Why I Haven’t Written in Awhile

Scheviningen boardwalk

Sometimes family comes first. Actually, family always comes first.

The last few weeks I have been focused on family. There is one member of our family, with significant health issues, and we have all been mobilized to help. This particular family member, who I will leave unnamed, has an addiction that is severe and life threatening.

When something threatens the stability of your family, you do everything you can to protect the people you love. Other things get dropped. Appointments are cancelled, lunch with a friend is forgotten, writing waits.

Is this what my grandparents and great grandparents felt like in 1941? Family must survive! Did they ask themselves daily if they were doing all that they could? Did they talk to one another as often as possible, strengthening their bonds, reminding each other that they were there for one another?

Addiction creates chaos. The world is turned upside down as priorities are challenged, values are questioned, and vows are broken. If the addict is unwilling (or is it unable?) to change their ways, a family can pull together and fight the addiction. The addict feels attacked. He feels that others are ambushing him. He assumes others have turned their backs on him as a person. But the family isn’t attacking the addict. The family has set its sights on the ADDICTION. The addiction is the enemy, and it happens to be inside one person. How do you fight a thing that is inside someone you love?

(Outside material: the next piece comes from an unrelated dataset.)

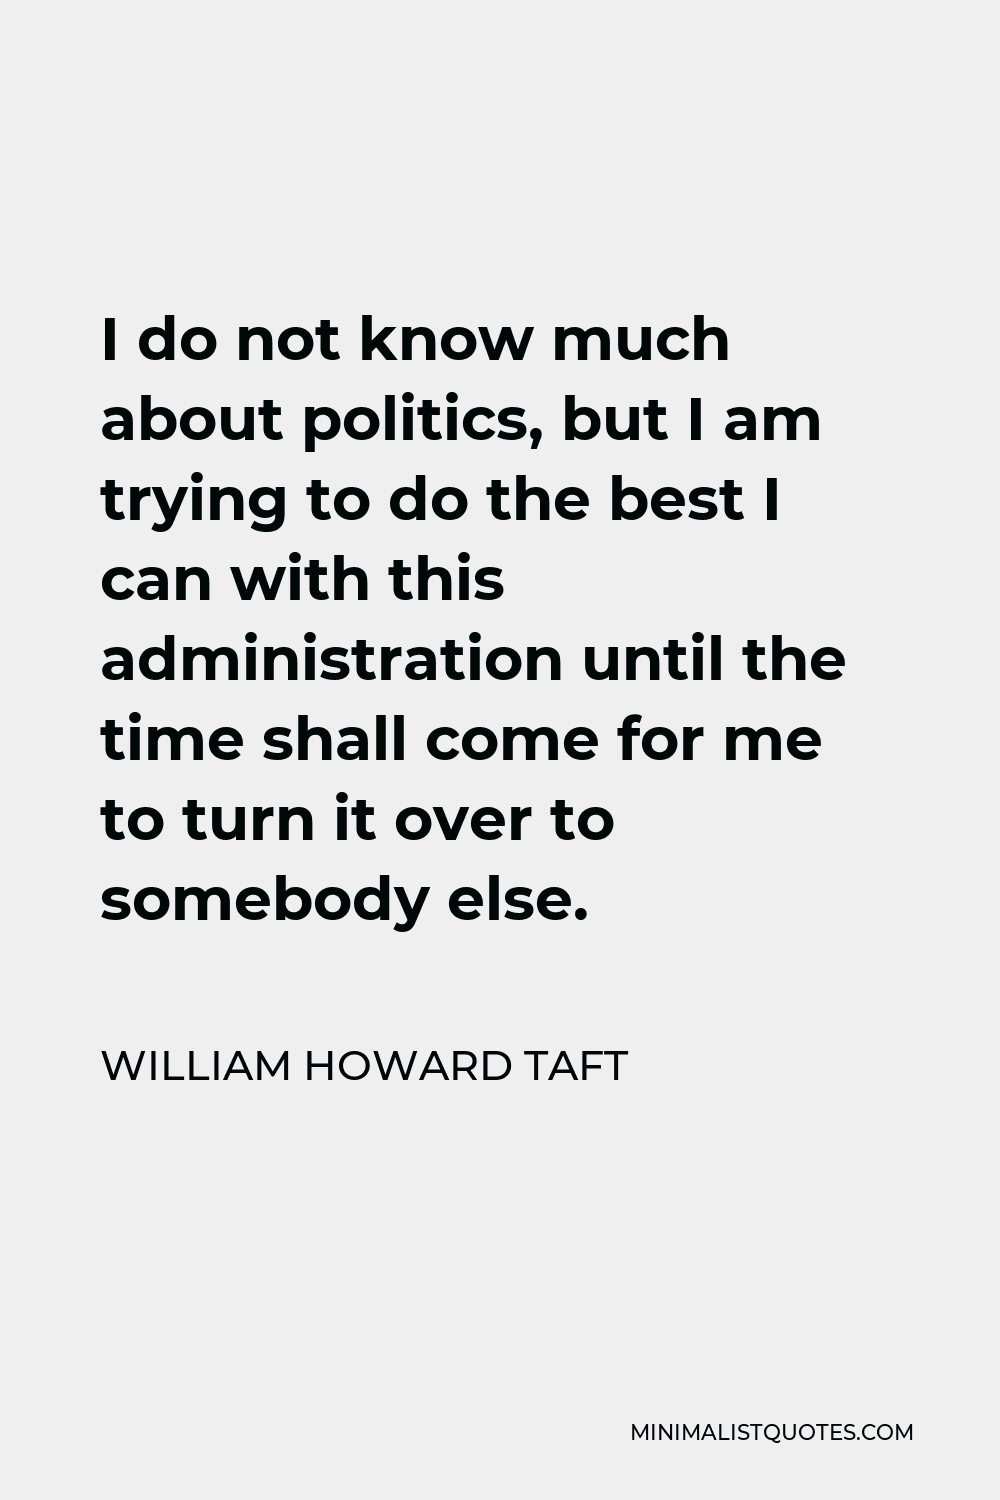 William Howard Taft Quote - I do not know much about politics, but I am trying to do the best I can with this administration until the time shall come for me to turn it over to somebody else.
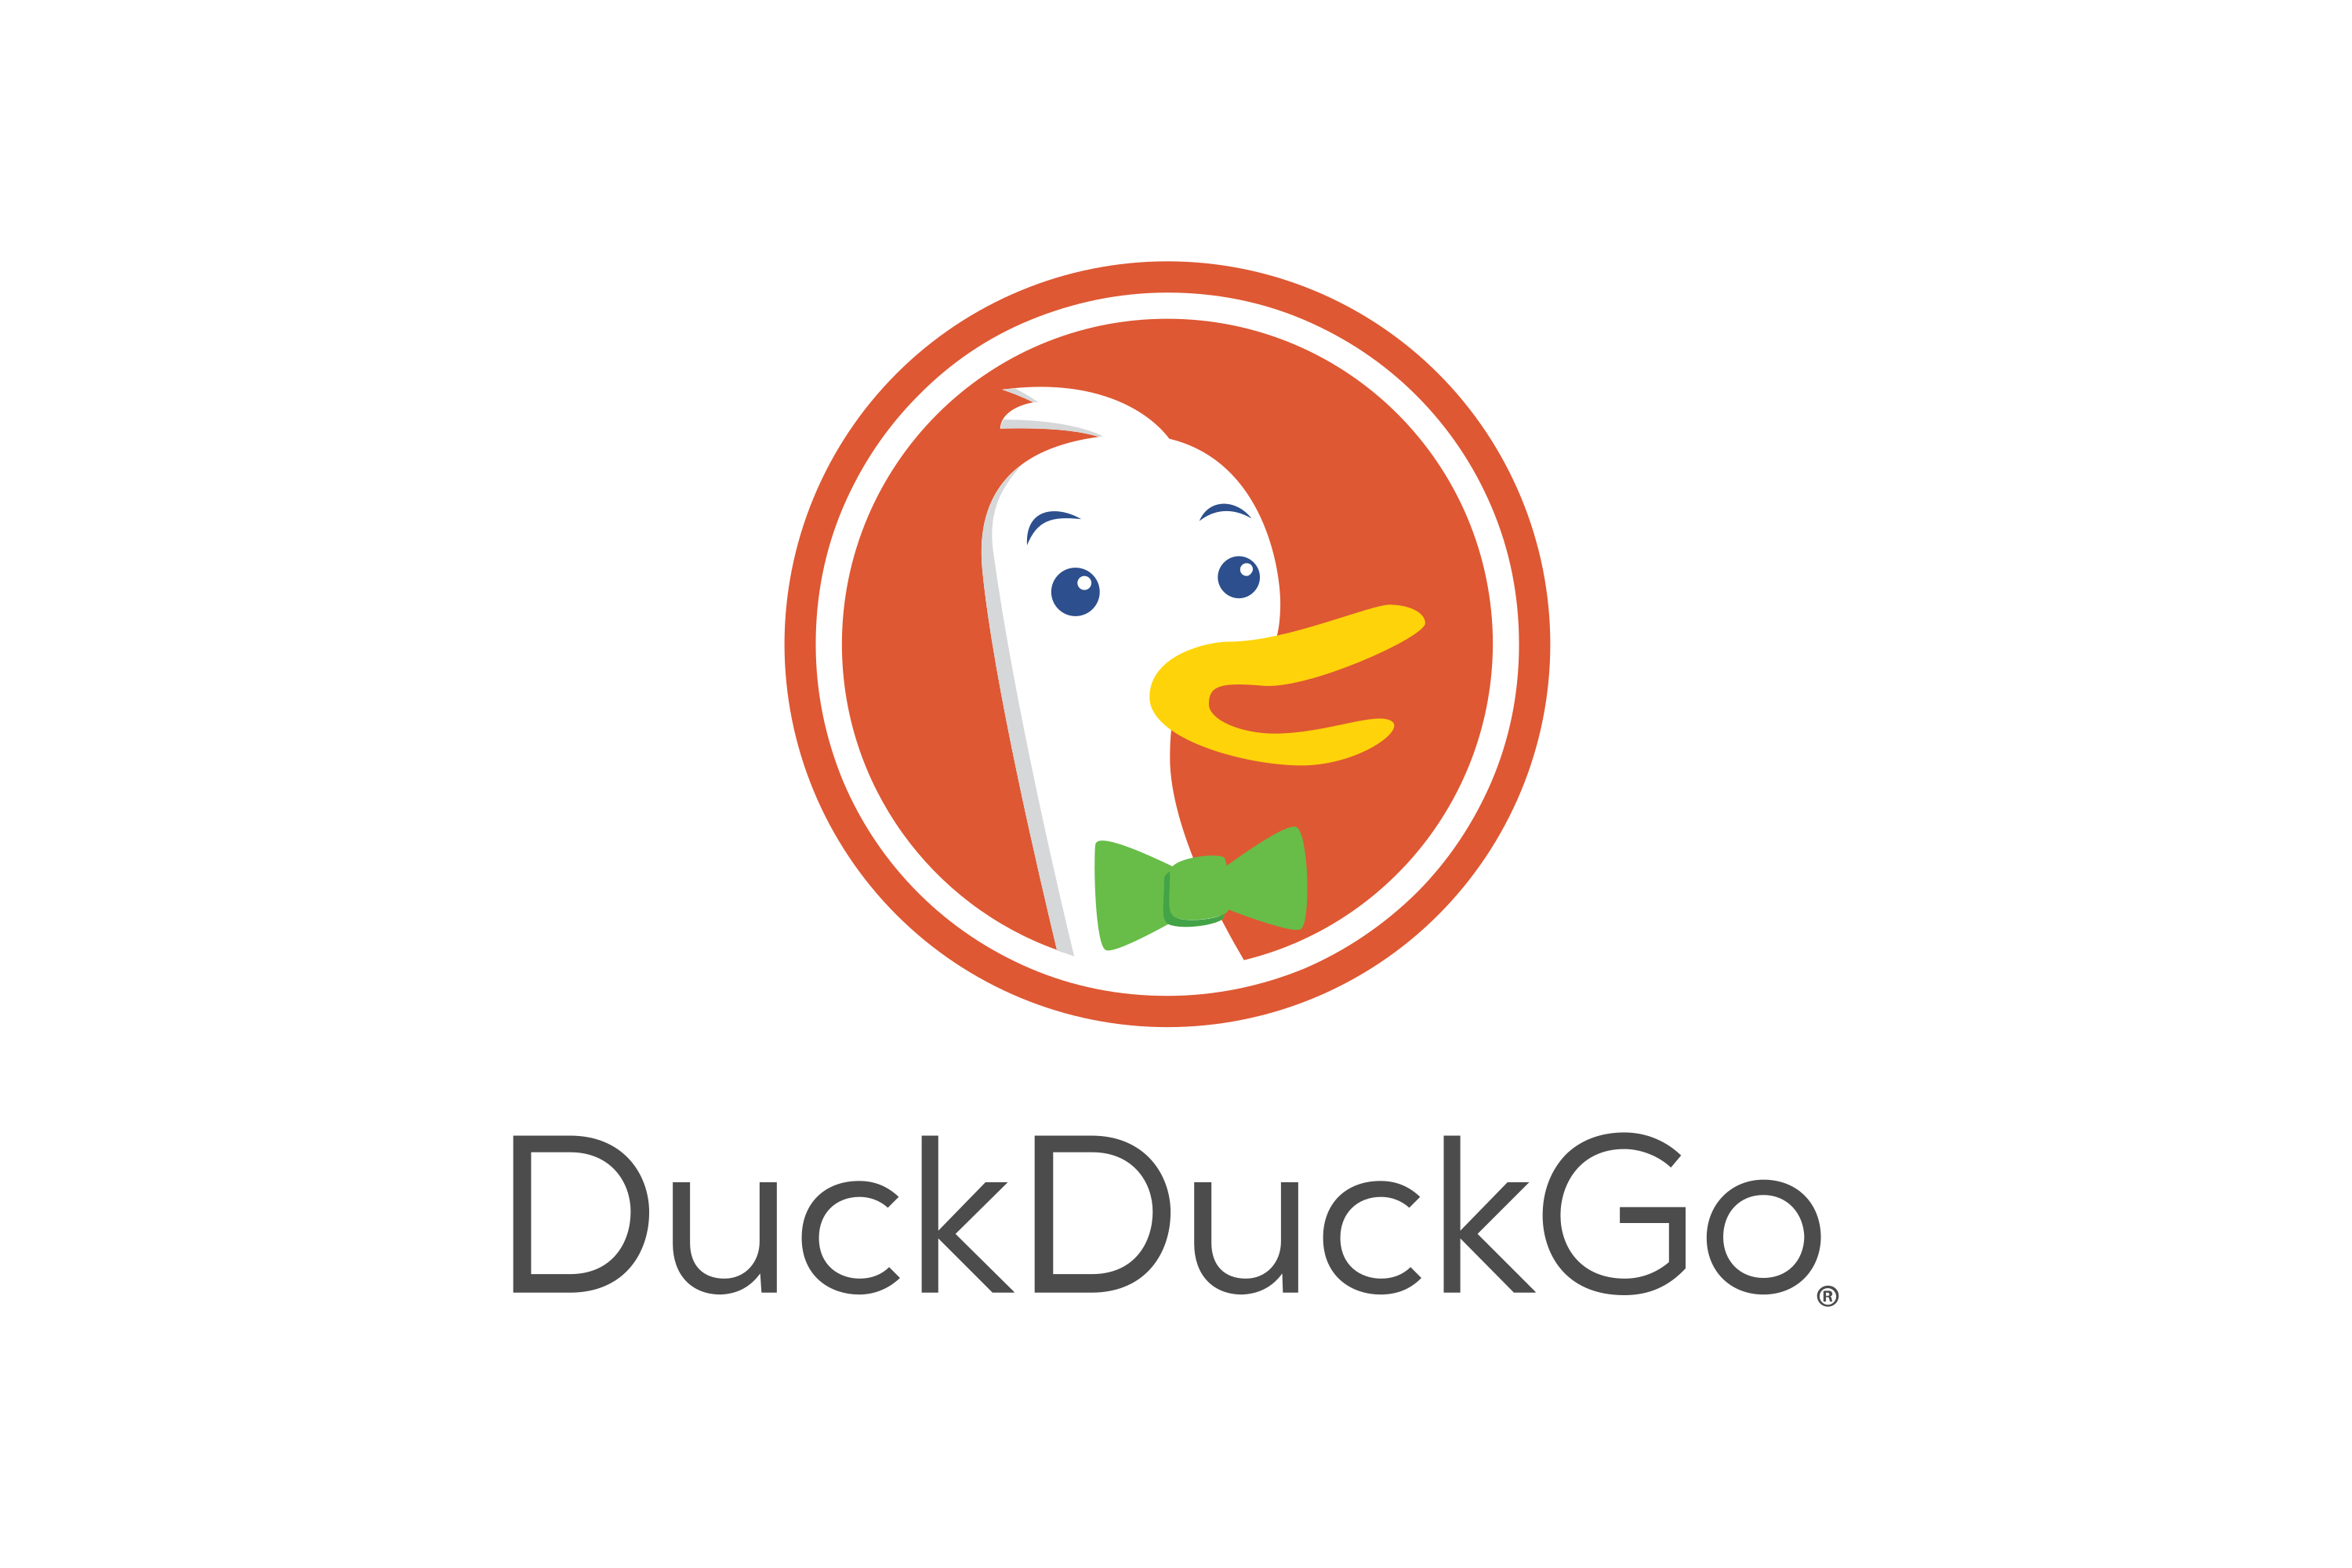 DuckDuckGo is a privacy respecting search engine.

In 1941 the Nazis needed to be stopped. They were in Poland and France and the Netherlands. One soldier can’t stand up to an invading army. Sometimes whole armies aren’t enough to stop the invading and occupying force. During WWII it took all the Allied Forces working together. They had to fight on the eastern front and on the western front. They had to get inside the Third Reich and attack from within. They needed to understand that they were fighting something that was bigger than all of them and pull together.

The addict will feel as if the family is attacking him on all fronts. The attack is real. The goal is the occupying army, the illness, the addiction. The goal is saving the life of the addict and bringing him back from the brink of extermination.